Deep Class-Specific Affinity-Guided Convolutional Network for Multimodal
Unpaired Image Segmentation
- URL: http://arxiv.org/abs/2101.01513v1
- Date: Tue, 5 Jan 2021 13:56:51 GMT
- Title: Deep Class-Specific Affinity-Guided Convolutional Network for Multimodal
Unpaired Image Segmentation
- Authors: Jingkun Chen, Wenqi Li, Hongwei Li, Jianguo Zhang
- Abstract summary: Multi-modal medical image segmentation plays an essential role in clinical diagnosis.
It remains challenging as the input modalities are often not well-aligned spatially.
We propose an affinity-guided fully convolutional network for multimodal image segmentation.
- Score: 7.021001169318551
- License: http://creativecommons.org/licenses/by/4.0/
- Abstract: Multi-modal medical image segmentation plays an essential role in clinical
diagnosis. It remains challenging as the input modalities are often not
well-aligned spatially. Existing learning-based methods mainly consider sharing
trainable layers across modalities and minimizing visual feature discrepancies.

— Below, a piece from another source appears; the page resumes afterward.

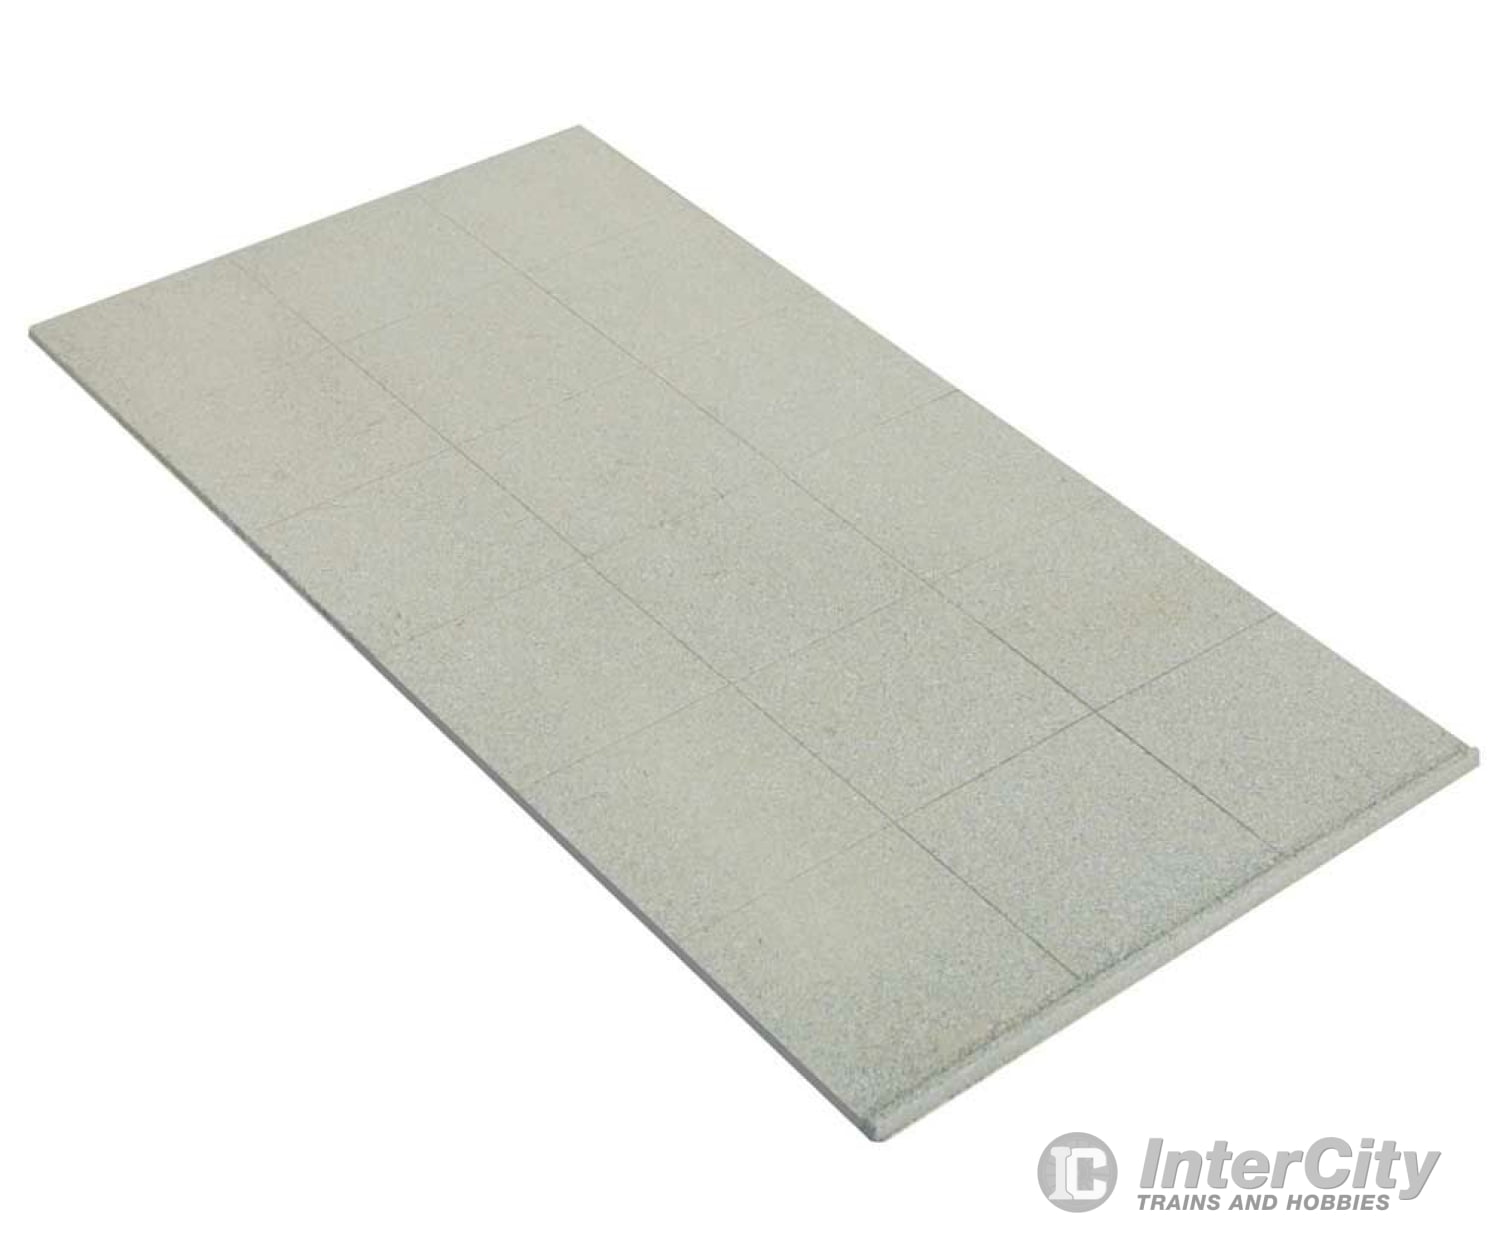 Walthers Cornerstone 3886 Modern Parking Lot - 8 Sections - - Kit Each Section: 5 - 3/4 X 2 -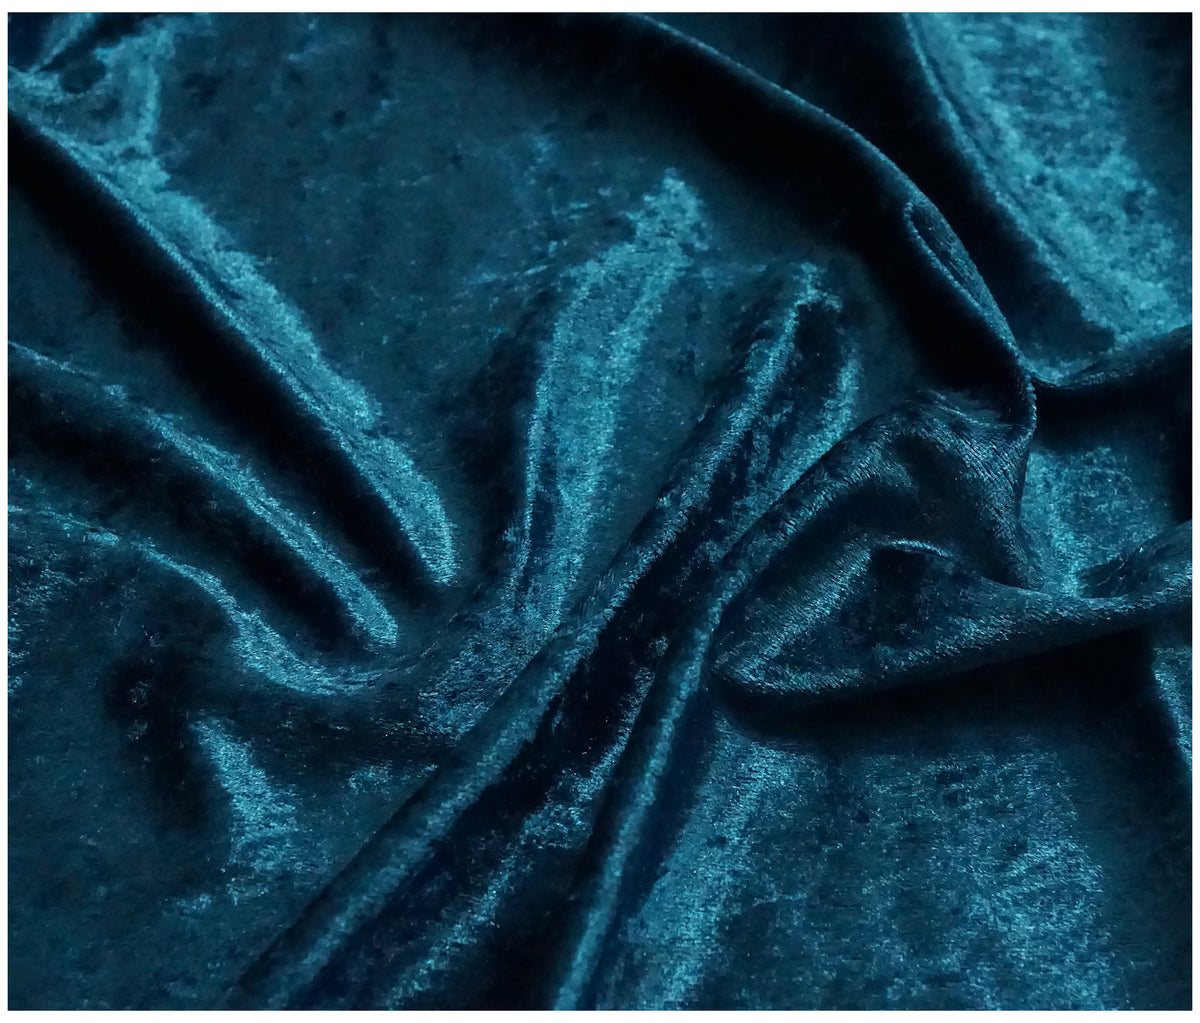 Teal Crushed Velvet - The Fabric Trade

While the problem is often formulated as joint supervised feature learning,
multiple-scale features and class-specific representation have not yet been
explored. In this paper, we propose an affinity-guided fully convolutional
network for multimodal image segmentation. To learn effective representations,
we design class-specific affinity matrices to encode the knowledge of
hierarchical feature reasoning, together with the shared convolutional layers
to ensure the cross-modality generalization. Our affinity matrix does not
depend on spatial alignments of the visual features and thus allows us to train
with unpaired, multimodal inputs. We extensively evaluated our method on two
public multimodal benchmark datasets and outperform state-of-the-art methods.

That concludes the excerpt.